The abstract provided does not report funding information or a ClinicalTrials.gov registration number. The study was retrospective and observational.

Citation

Carvalho SN, Soldin I, Silva RM, Domingues TD, Pinto C, Barbosa A, Teixeira MR, Bartosch C, Abreu MH. Clinical relevance of homologous recombination repair gene alterations in endometrial cancer patients in the era of molecular classification. Gynecologic Oncology. 2026-06-04;210:124-130. PMID: 42242176. URL: https://pubmed.ncbi.nlm.nih.gov/42242176/

References

Cancer Genome Atlas Research Network, Kandoth C, Schultz N, Cherniack AD, Akbani R, Liu Y, Shen H, et al. Integrated genomic characterization of endometrial carcinoma. Nature. 2013;497(7447):67-73.

Concin N, Matias-Guiu X, Vergote I, Cibula D, Mirza MR, Marnitz S, Ledermann JA, Bosse T, Chargari C, Fagotti A, et al. ESGO/ESTRO/ESP guidelines for the management of patients with endometrial carcinoma. International Journal of Gynecological Cancer. 2021;31(1):12-39.

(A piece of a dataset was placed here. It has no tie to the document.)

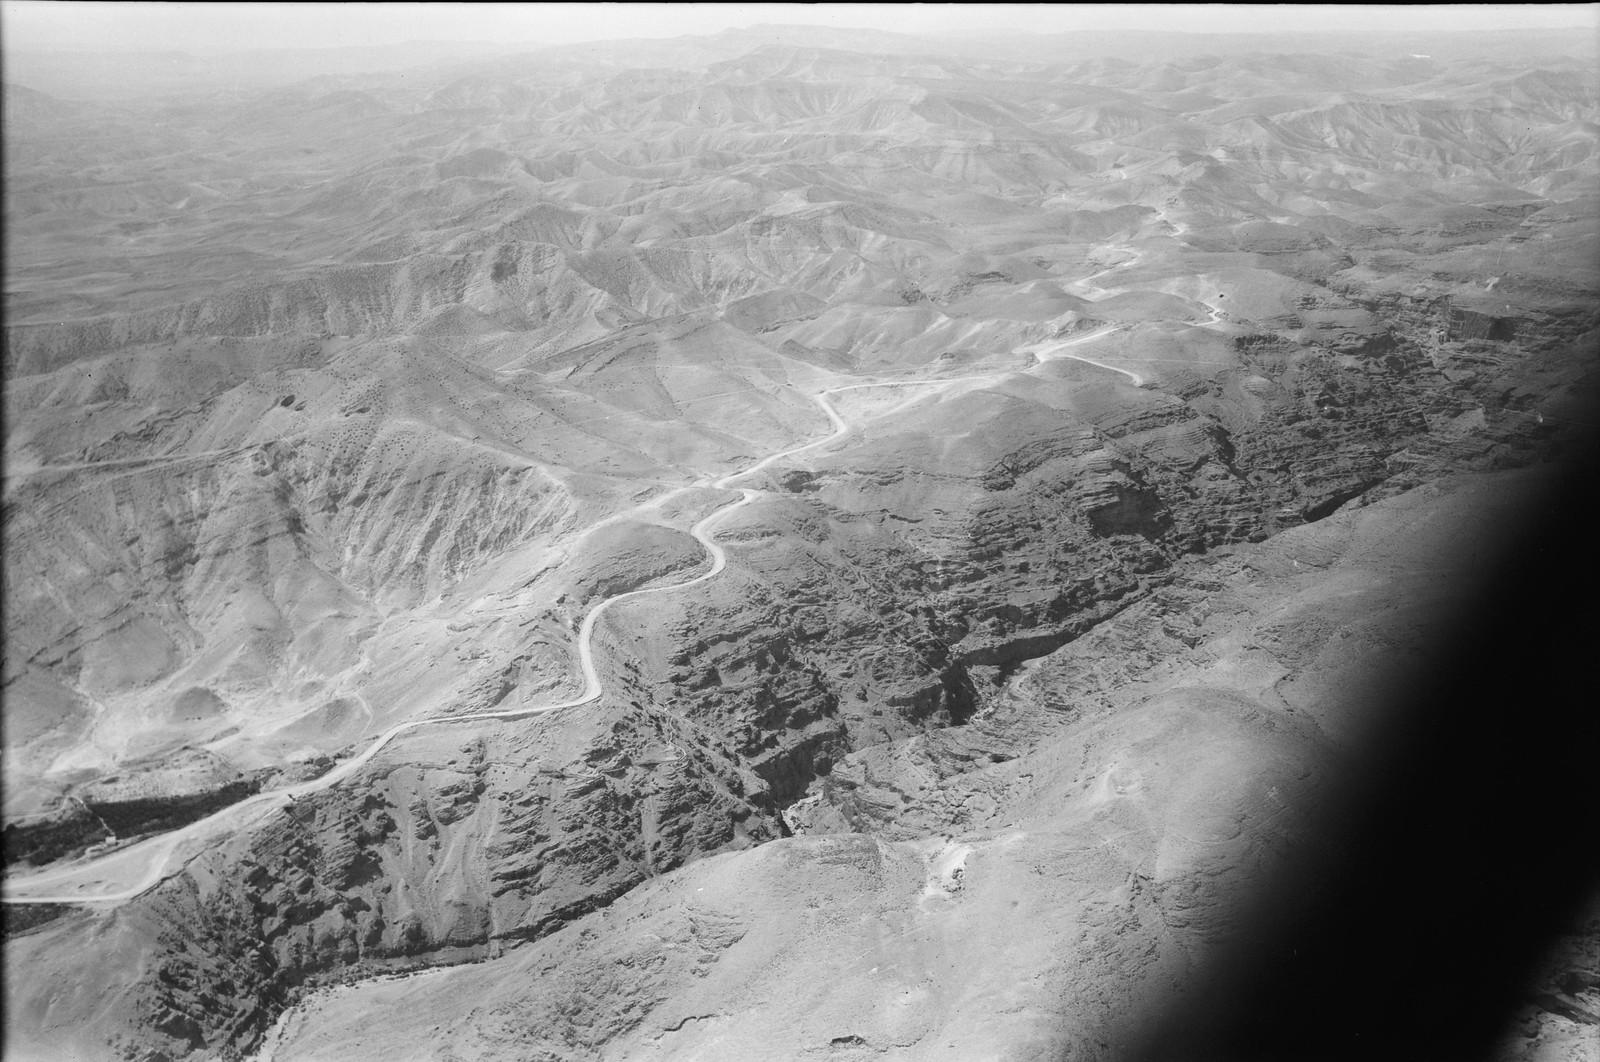 07. Воздушный маршрут по старой дороге Иерусалим-Иерихон. Иерихонская дорога. Крутой подъем с равнины. Вид через ущелье Черит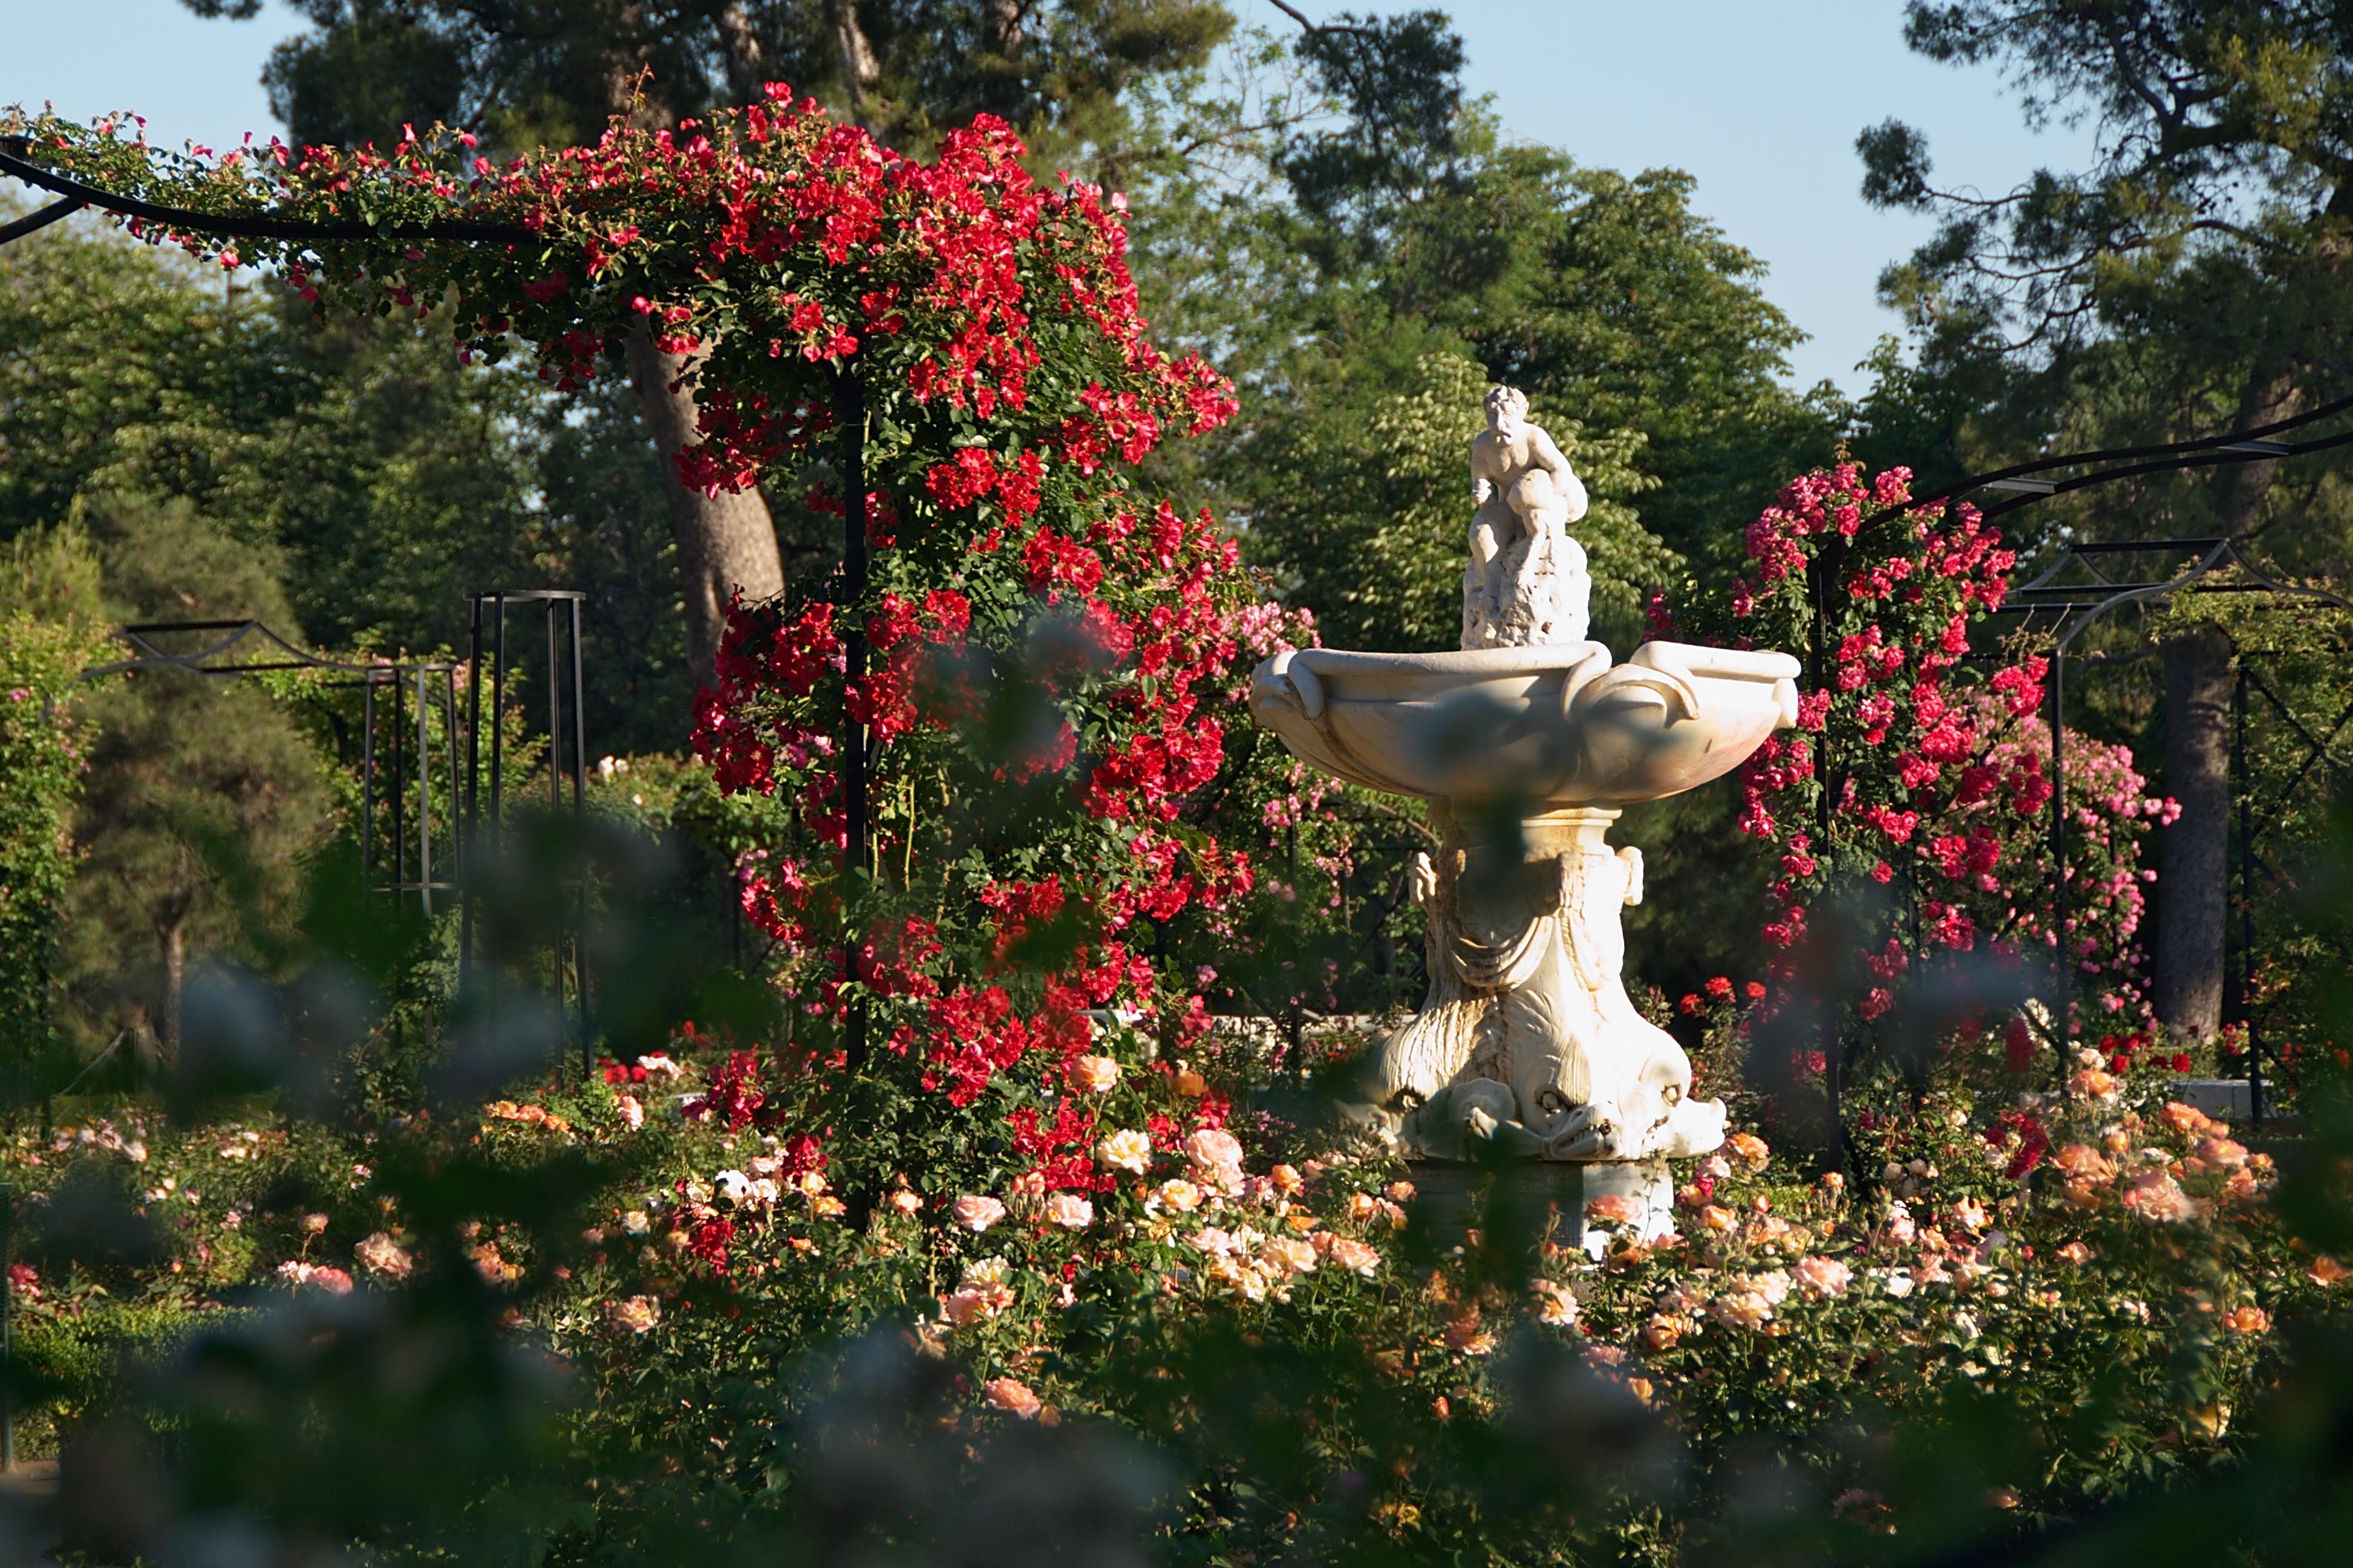 La Rosaleda, no Parque do Retiro, Madri, Espanha

Oaknin A, Tinker AV, Gilbert L, Samouelian V, Mathews C, Brown J, Barretina-Ginesta MP, Moreno V, Gravina A, Abdrakhmanov R, et al. Clinical activity and safety of the anti-programmed death 1 monoclonal antibody dostarlimab for patients with recurrent or advanced mismatch repair-deficient endometrial cancer: a non-randomised phase 1 clinical trial. JAMA Oncology. 2020;6(11):1766-1772.

Konstantinopoulos PA, Drew Y, O’Cearbhaill RE, et al. PARP inhibitors in gynecologic malignancies: current landscape and future directions. Clinical Cancer Research. 2020;26(18):4662-4671.